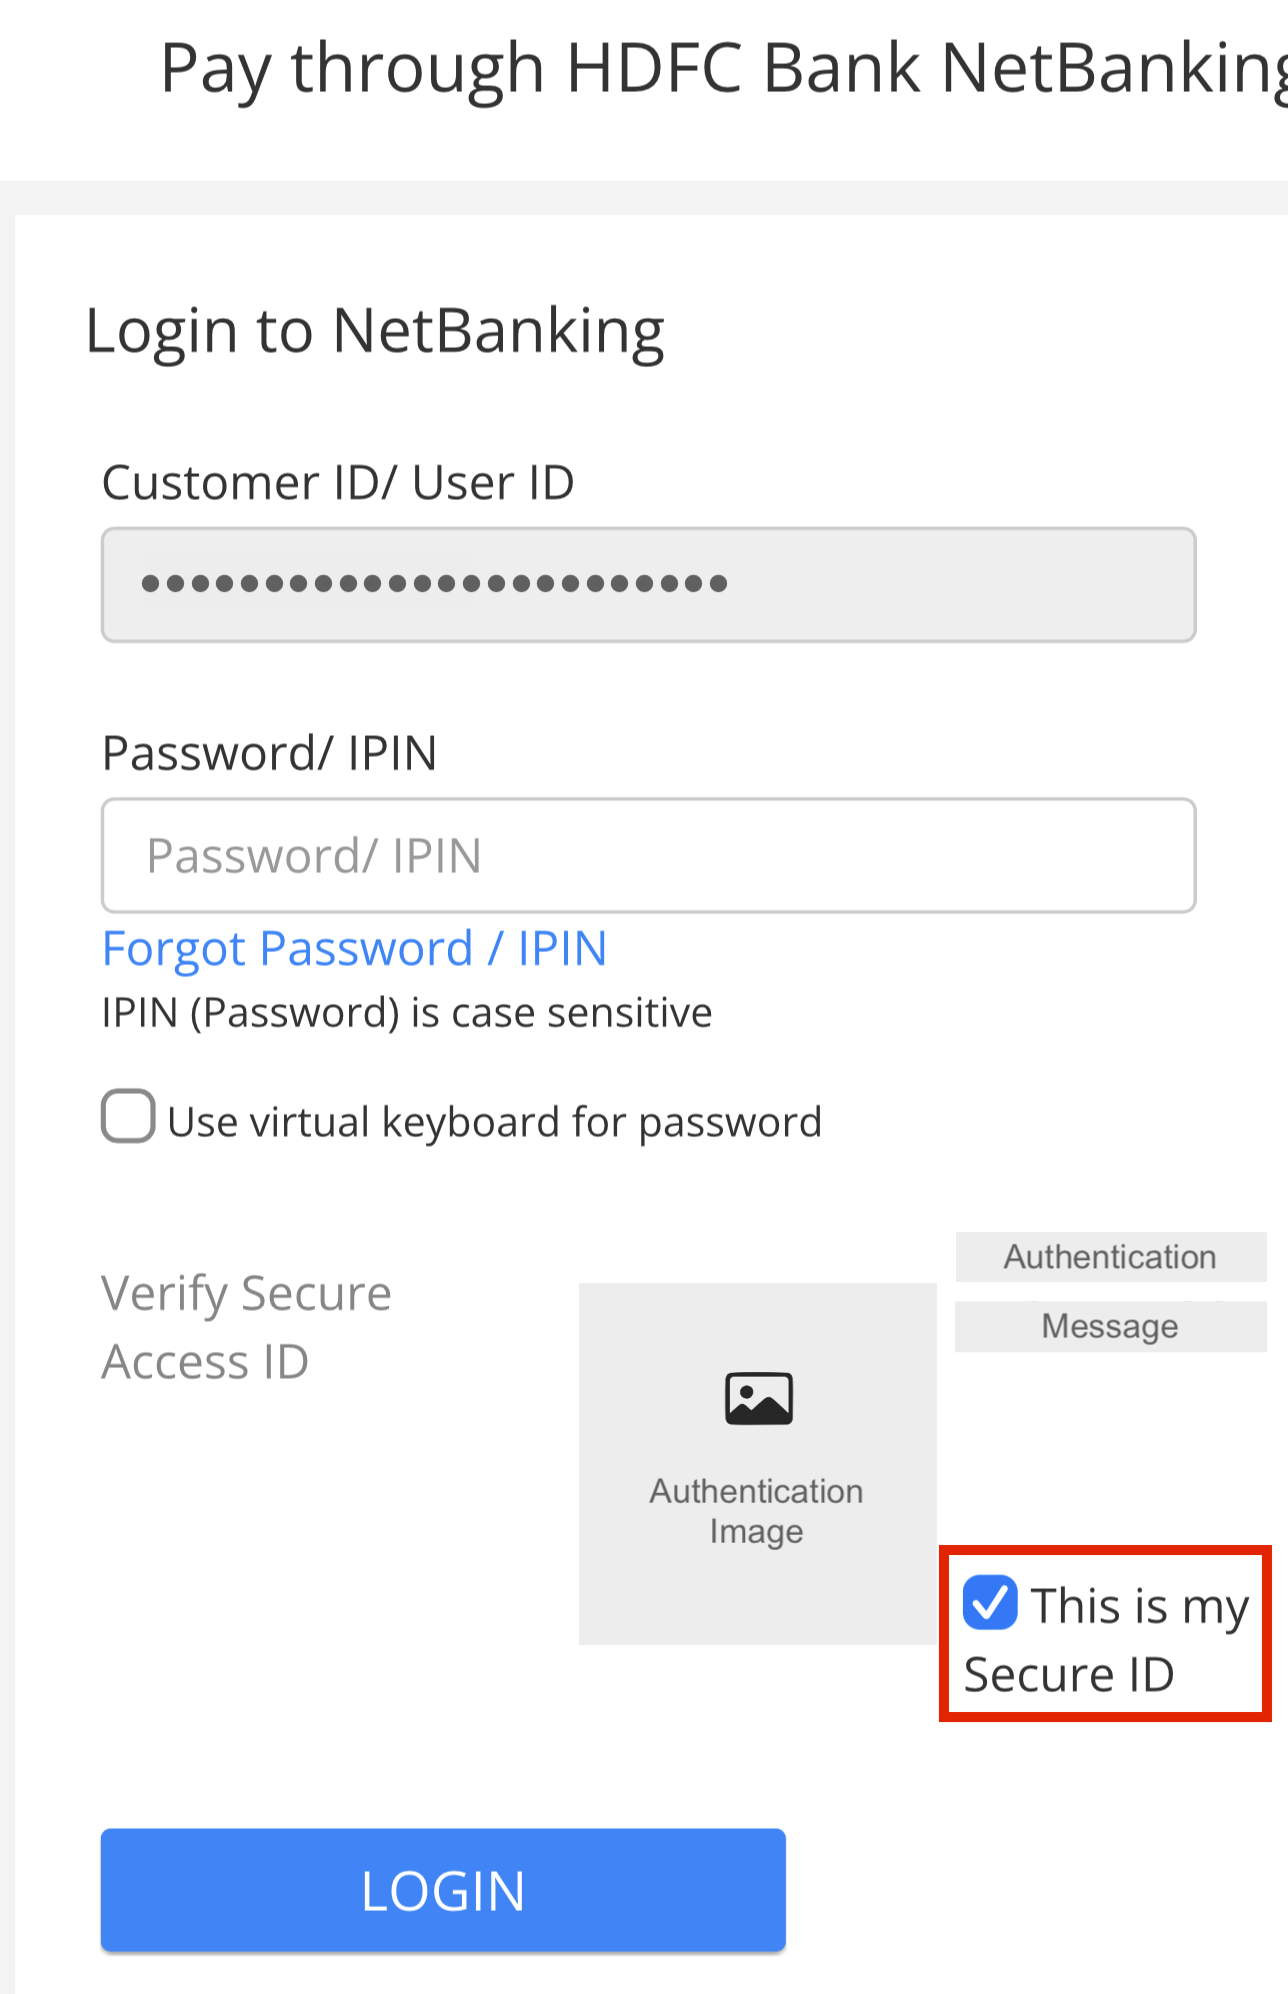 HDFC Bank login page when going through Juspay on Swiggy. The 'This is my Secure ID' checkbox is checked by default.
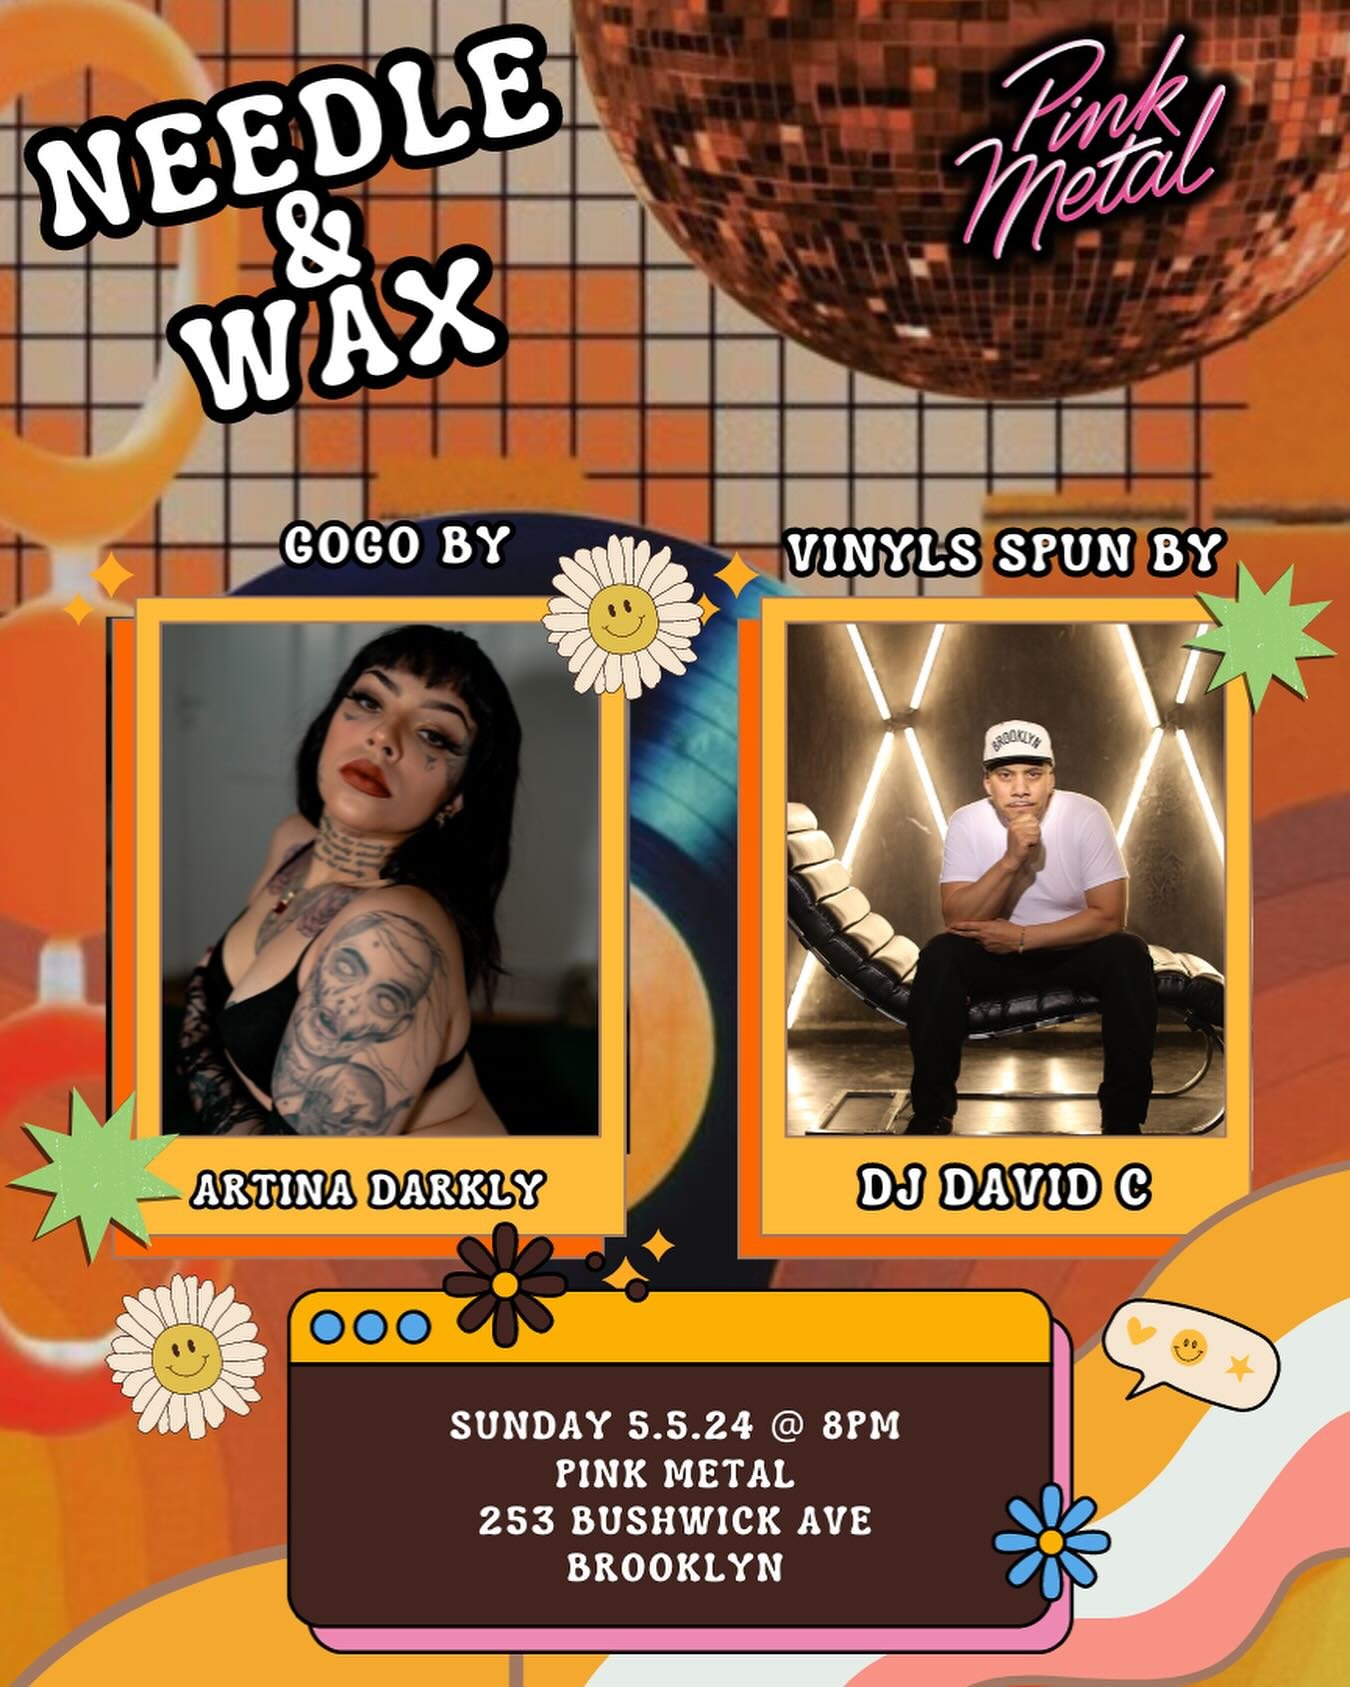 Needle &amp; Wax Cinco de Mayo edition tonight at 8 pm! Vinyls spun by @djdavidc_ 🎶 gogo by @artinadarkly 🌼 

Margaritas $8 all night! Check out our special Cinco de Mayo menu, including a mezcal old fashioned and flavored margaritas🍹 

@lostshoes
——————
**What to produce:**
Leave out the pictures, and write out all the remaining data above exactly.

**Response:**
 HDFC Bank login page when going through Juspay on Swiggy. The 'This is my Secure ID' checkbox is checked by default.
 Needle &amp; Wax Cinco de Mayo edition tonight at 8 pm! Vinyls spun by @djdavidc_ 🎶 gogo by @artinadarkly 🌼 

Margaritas $8 all night! Check out our special Cinco de Mayo menu, including a mezcal old fashioned and flavored margaritas🍹 

@lostshoes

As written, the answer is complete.